Should NZR retain tight control of the assets, licenses and commercial properties or should they allow Super Rugby clubs greater financial autonomy?
NZR chief executive Mark Robinson says NZR would not consider allowing Super Rugby teams to own the players' contracts, but just about everything else is on the table in regard to how the clubs operate in the future.
"We have taken a blank canvas approach to Super Rugby," he says.
"We are open-minded about a governance model. What we want are resilient, highly capitalised businesses that are entrepreneurial and commercially successful."
Which they are not for now, as Super Rugby teams don't receive any direct share of the broadcast income they generate. They don't have any direct representation within Sanzaar.

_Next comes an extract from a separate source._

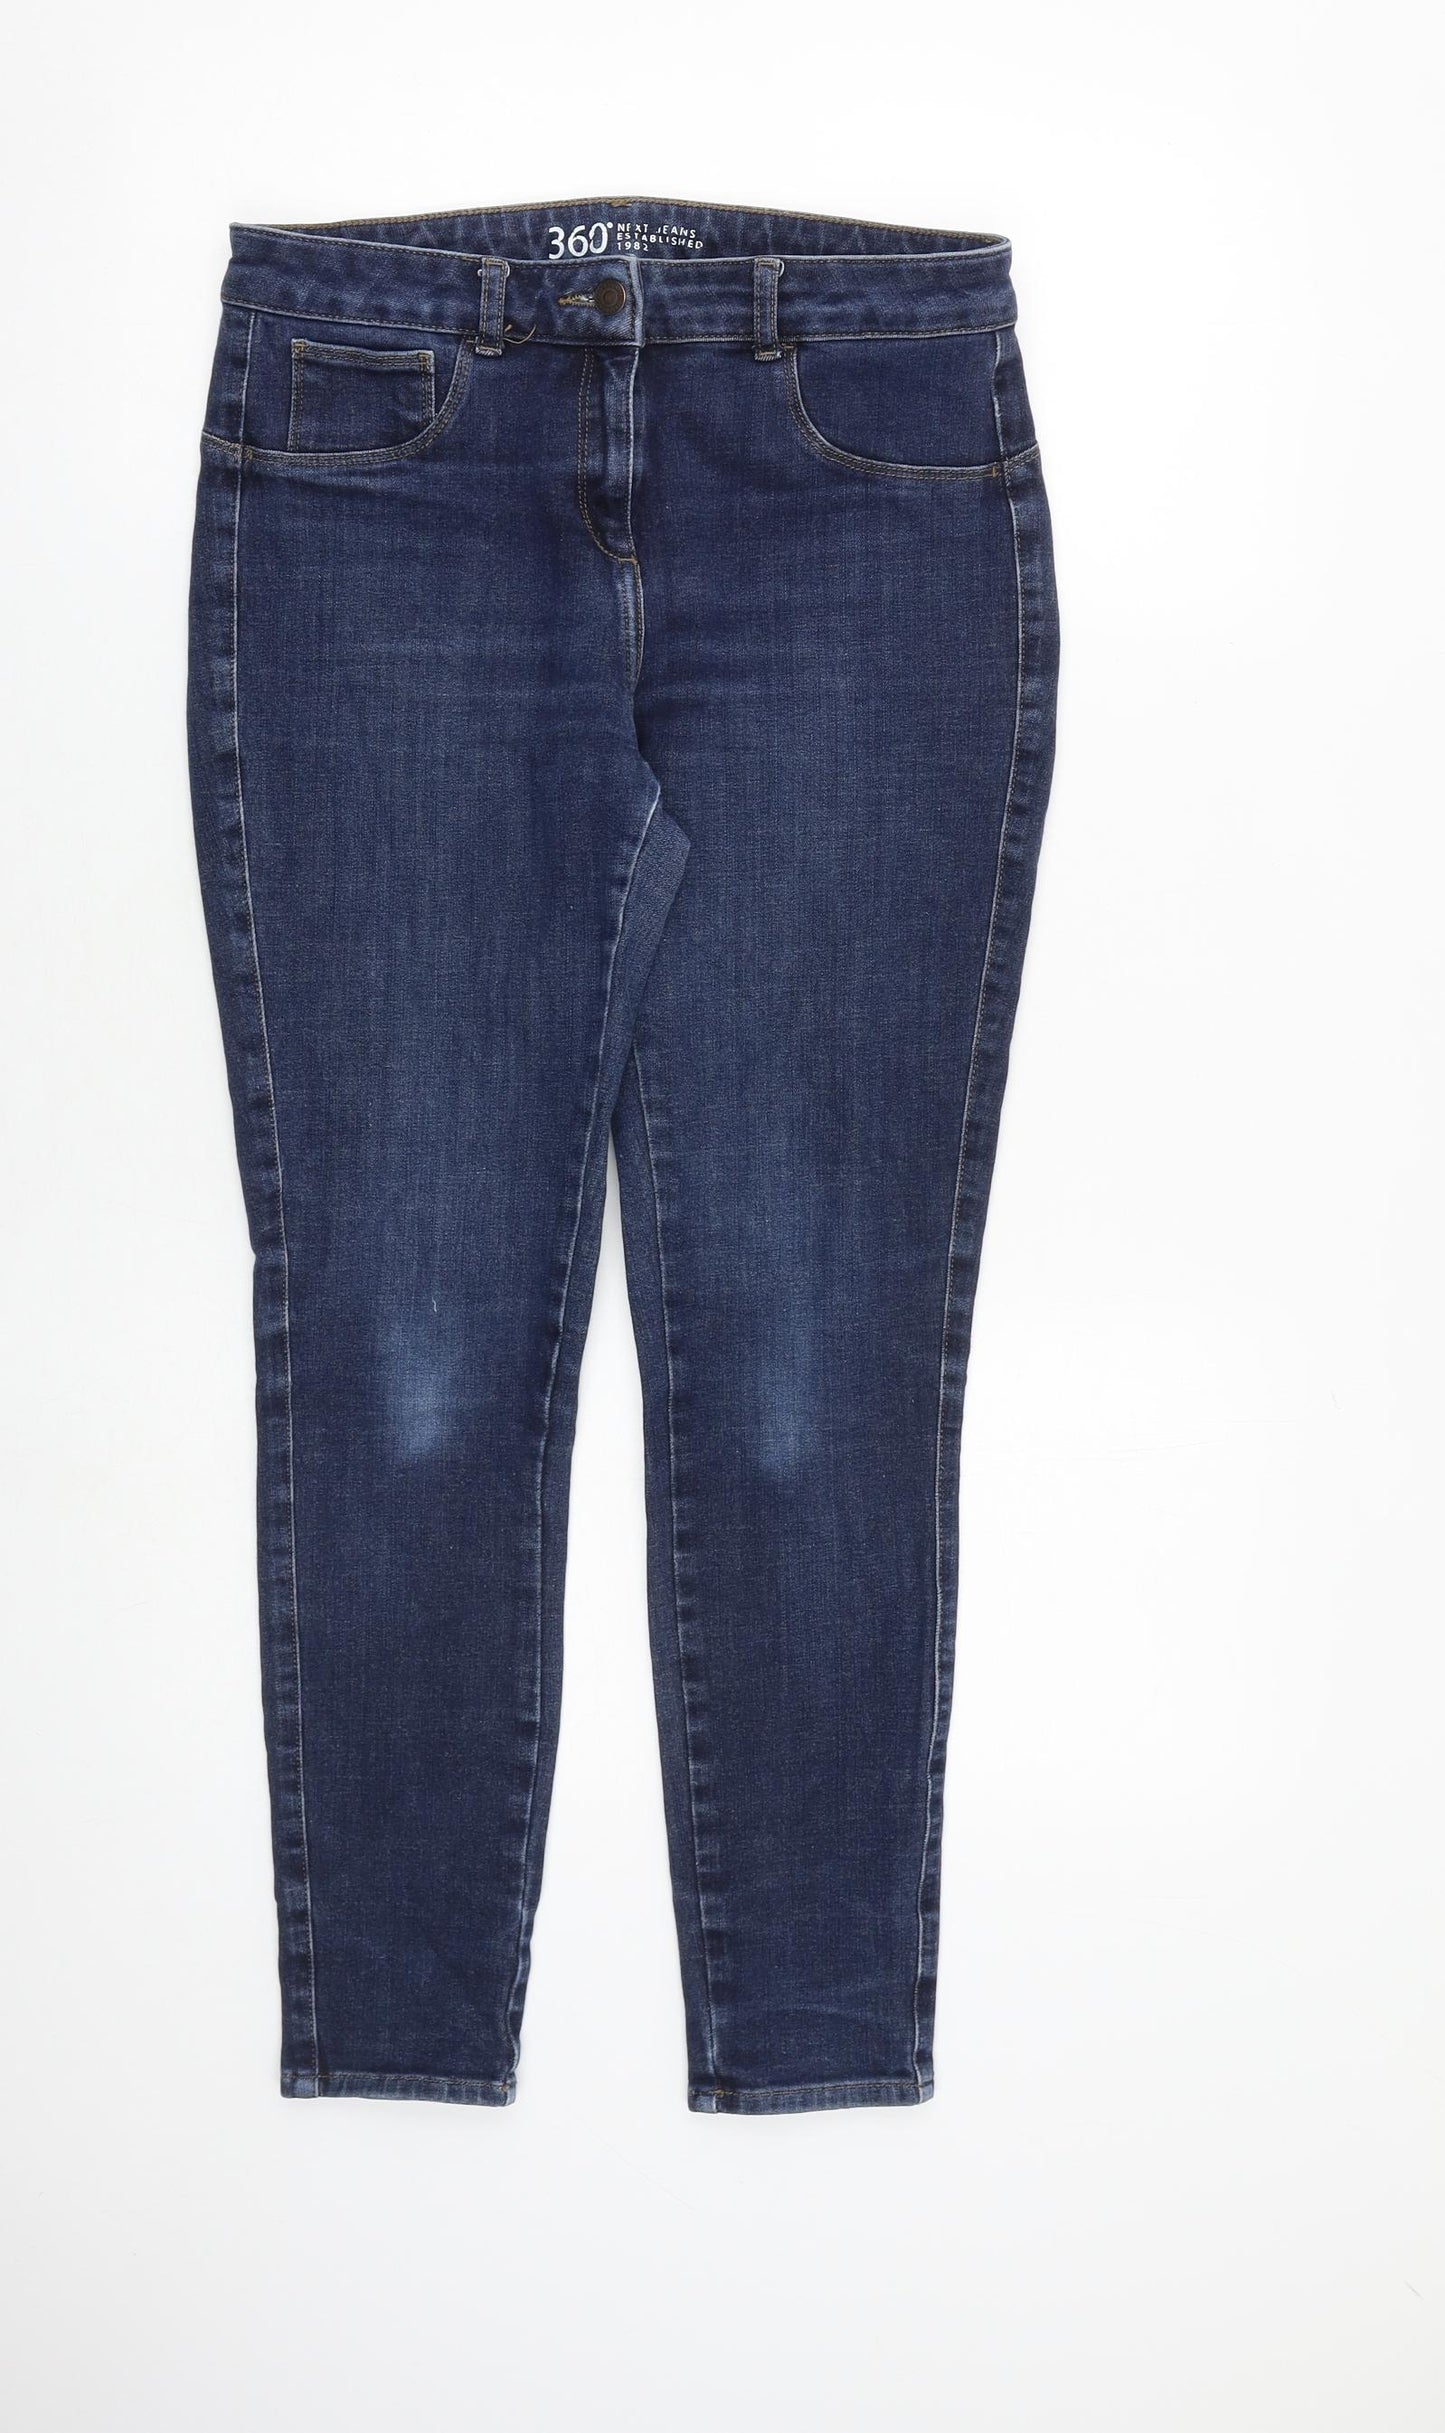 NEXT Womens Blue Cotton Skinny Jeans Size 12 L28 in Slim Zip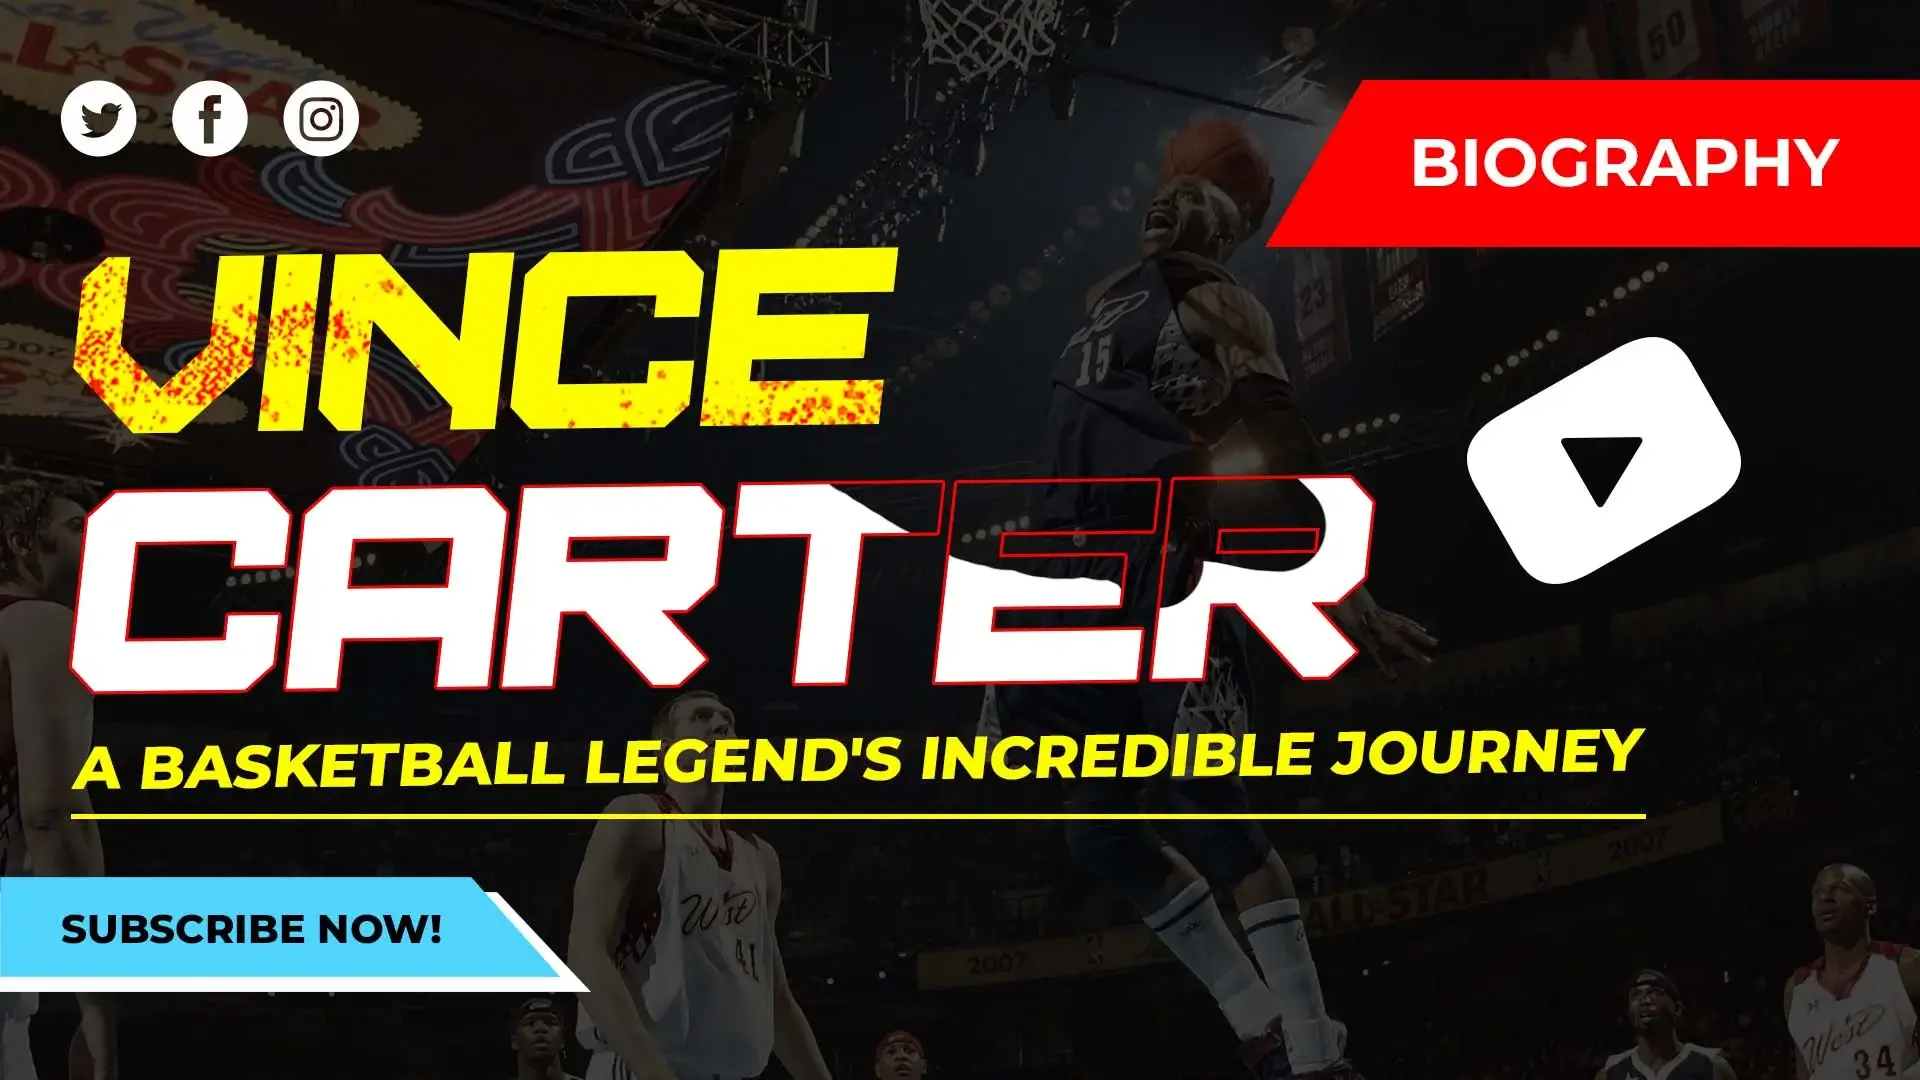 Vince Carter Biography: A Basketball Legend’s Incredible Journey

They don't own their players and there is little ability to 'bulk' up contracts to compete for talent. They don't own their own brand – just a licence to use it – and they are restricted to some degree in the sponsors they can sign.
The door is open to private investors but with limited ability to control the playing roster and gate receipts – on games agreed and scheduled by Sanzaar - serving as the dominant revenue source, Super Rugby clubs carry little investment appeal.
Murray Bolton, the high net-worth investor who had a 40 per cent stake in the Blues between 2012 and 2019 worth $4.5m, says the set-up has to change if Super Rugby is to ever win significant private capital and become self-sufficient or profitable.
"There has got to be a legitimate revenue sharing model between the franchises and New Zealand Rugby. The current system where NZR takes all the TV money and then distributes it as it sees fit is never going to work," he says.
"The system is out of whack but I invested because I felt the system would evolve because it had to, and that it was better to be inside the tent when it did. If circumstances ever changed – and they will have to change as the system is out of whack – then maybe I would look at it [investing] again."
Professional rugby's biggest short-term challenge is not necessarily creating more money, but finding a way to better distribute it.